Маньяни очаровывал и нас, обладая качествами великих лицемеров, сложных и простых, лишенных тайны и чрезвычайно загадочных. Они — самые одинокие существа на земле, и их единственными спутниками являются их собственные выдумки; звери с тремя головами, как говорил Парменио: кажущейся, существующей и истинной. Прежде всего он обладал способностью менять их местами и вливать свою шутовскую логику в отчаяние других, получая в результате колдовскую настойку.

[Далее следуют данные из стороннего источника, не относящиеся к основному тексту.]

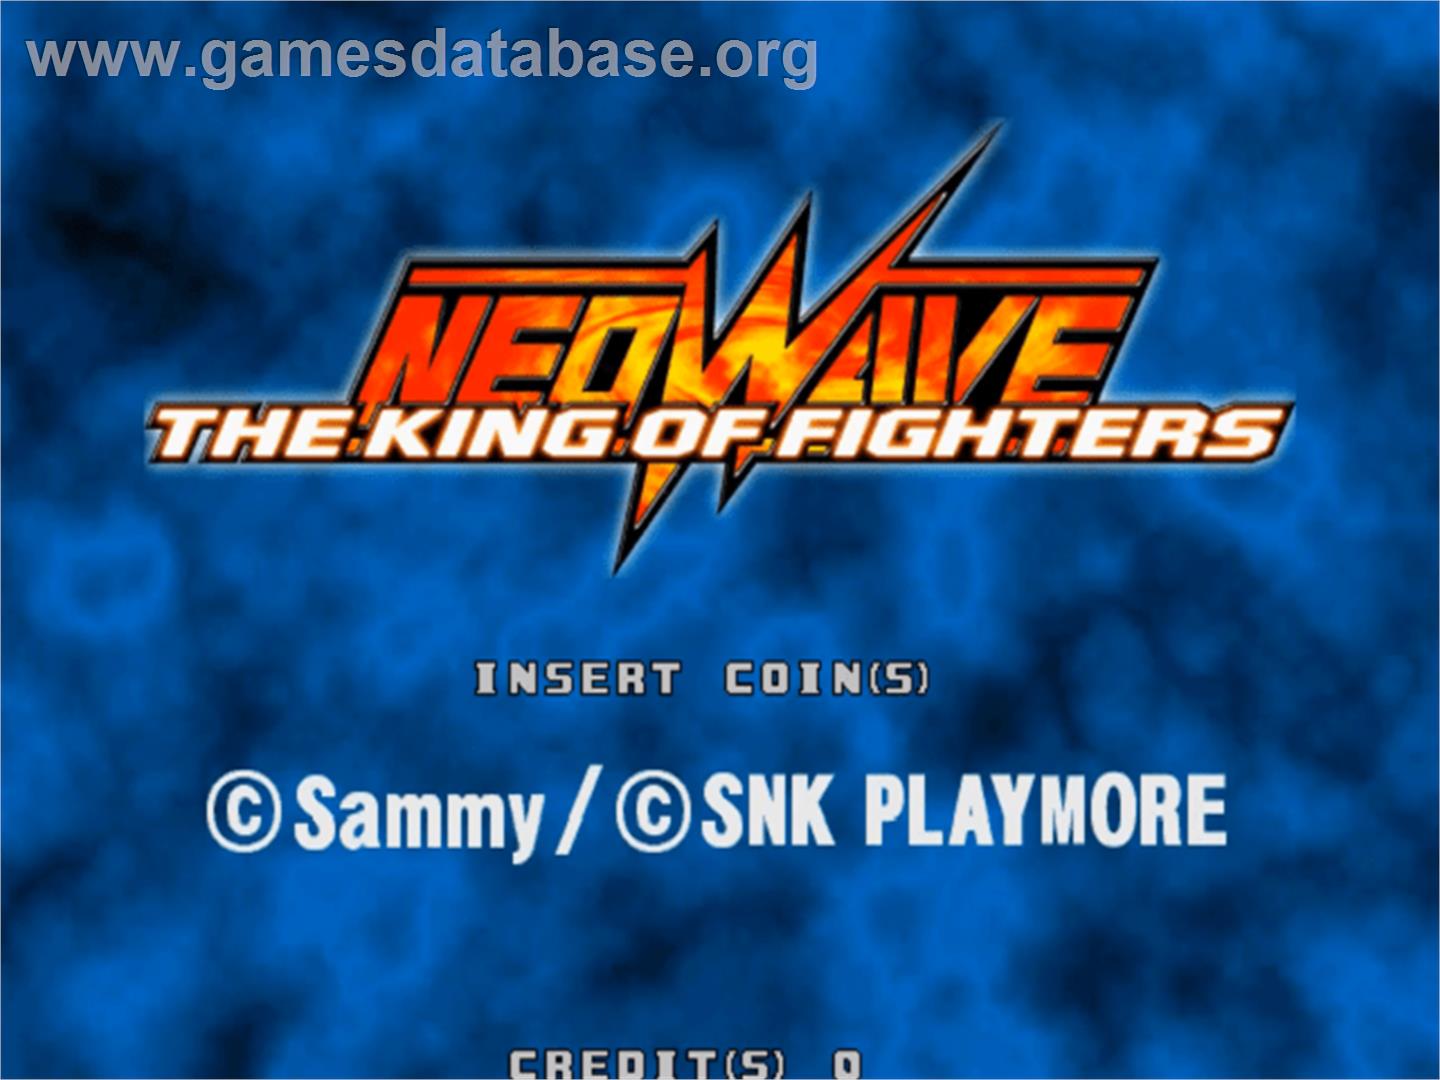 The King of Fighters Neowave - Sammy Atomiswave - Artwork - Title Screen

Таким образом он нас и удерживал.
И никто — до тех пор, пока он не перешел границы — не заявлял об унижениях из-за этой животной радости, которую он нам гарантировал, выводя нас на площади воздвигать виселицы для взбунтовавшихся ангелов и мстить преследователям, не прибегая к помощи властей. Мы называли мир тем, что он есть: огромным публичным домом — и распевали свободу скандала, как романс.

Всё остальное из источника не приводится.